6. A method for determining a time evolution of the pH of a fluid (FL) circulating in a measurement zone (ZM), wherein step B) is repeated for a plurality of time steps of said succession of time steps of a circulation of said fluid in said measurement zone.
7. A method according to claim 6, wherein said method is further implemented by means of a fluid circulation system (PI, P2, BP, V, PE, BT) for circulating said fluid at least in said porous medium and said measurement zone, said fluid circulation system (PI, P2, BP, V, PE) comprising a first and a second pump (PI, P2), said first and second pumps (PI, P2) preferably being capable of delivering a flow rate with high precision, a sample holder cell (PE) in which said porous medium is disposed, and preferably a thermostatically controlled bath (BT) or an oven for controlling the temperature of said fluid in said measurement zone.

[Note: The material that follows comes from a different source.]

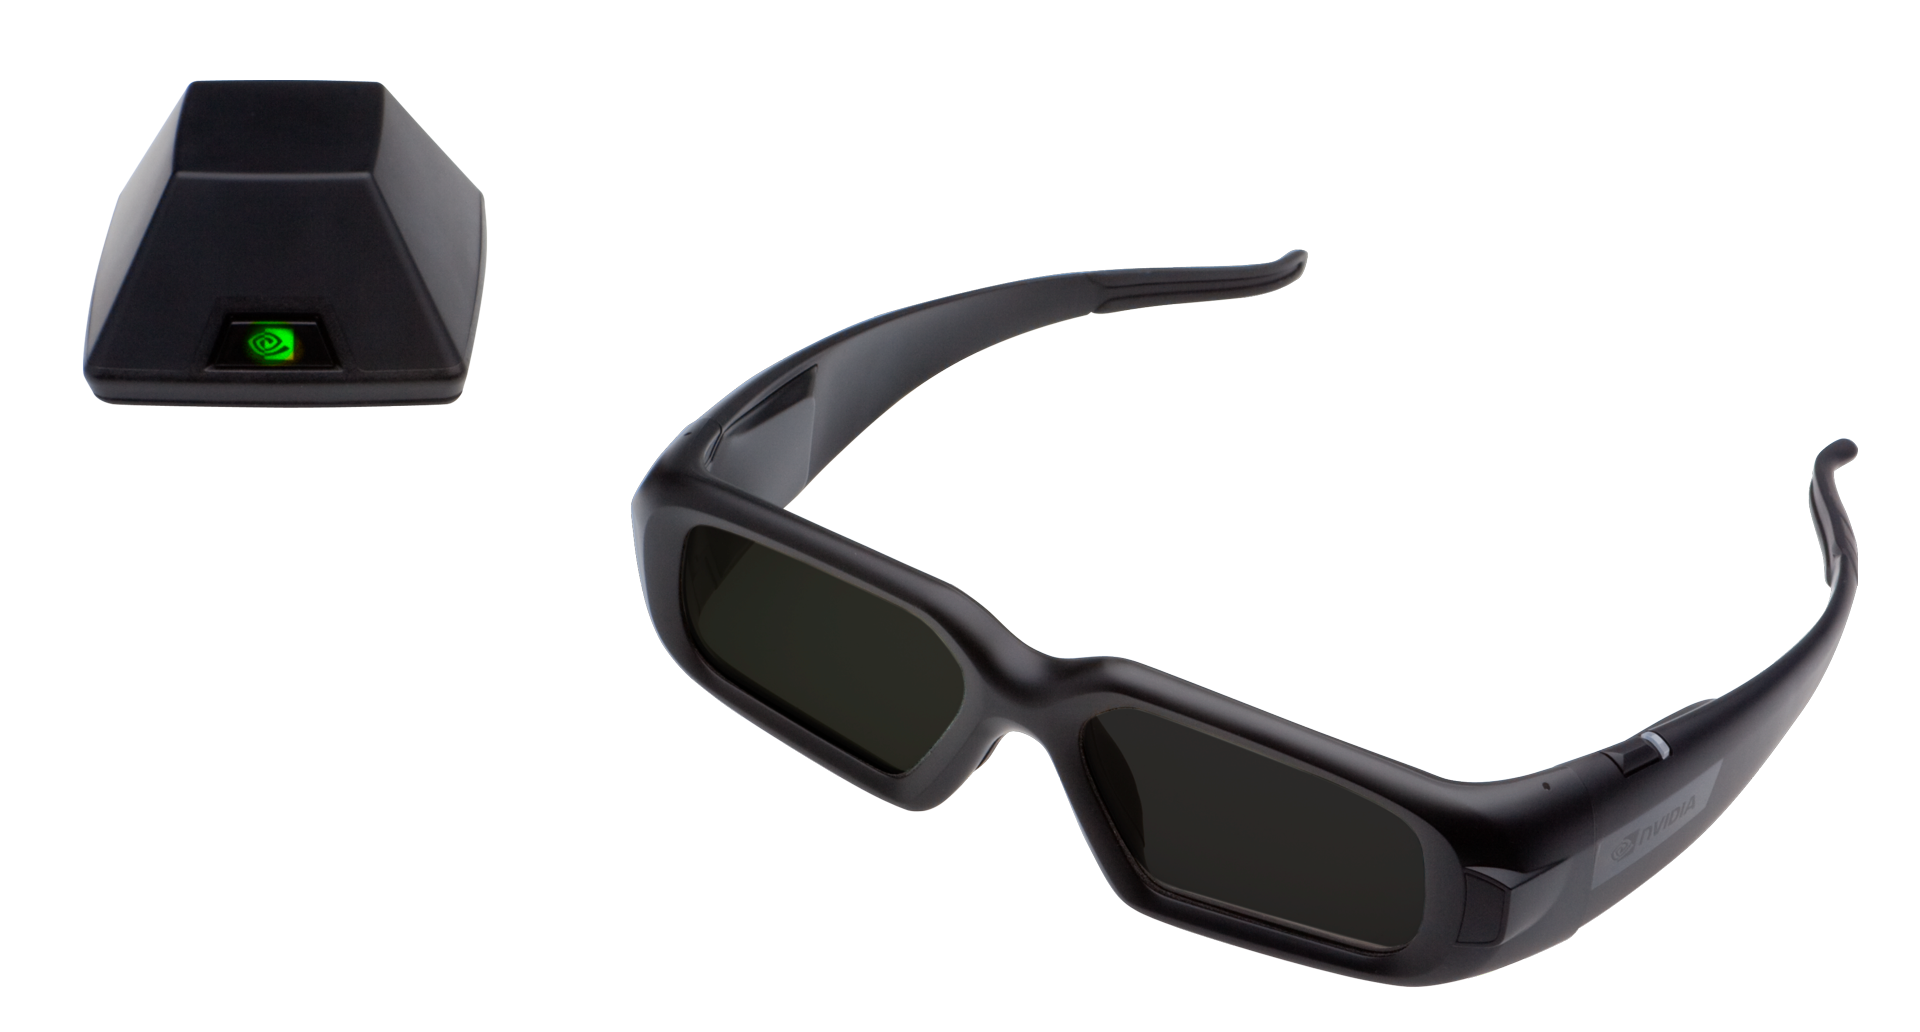 Immagine pubblicata in relazione al seguente contenuto: NVIDIA annuncia la tecnologia stereoscopica 3D Vision Pro | Nome immagine: news13606_1.png
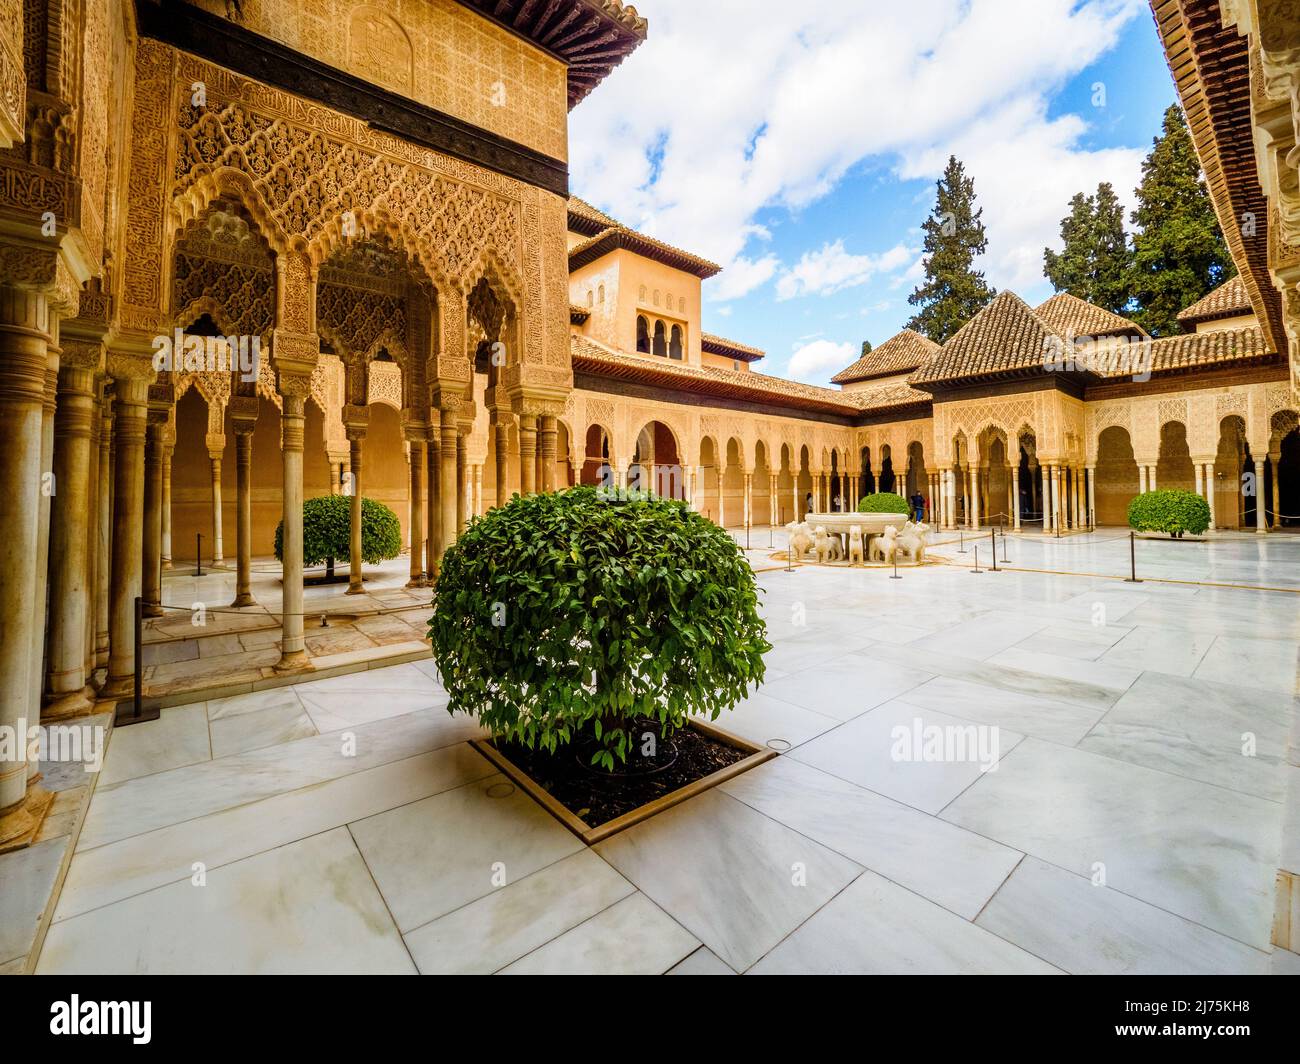 Cour des Lions du complexe des palais royaux de Nasrid - complexe de l'Alhambra - Grenade, Espagne Banque D'Images

8. A method according to any one of the preceding claims, wherein the pH color indicator is selected from the following list: cresol red, malachite green, thymol blue, methyl yellow, bromotymol blue, bromophenol blue, bromocresol green, methyl red, bromocresol purple, thymol blue, phenolphthalein, indigo carmine, universal buffer mixtures
9. System for determining the pH of a fluid (FL) flowing in a measurement zone (ZM), said system comprising a light source (SL), a spectrometer (SP), and means for processing and analyzing at least some of the measurements made by said spectrometer (SP), said system being suitable for carrying out the method according to one of the preceding claims.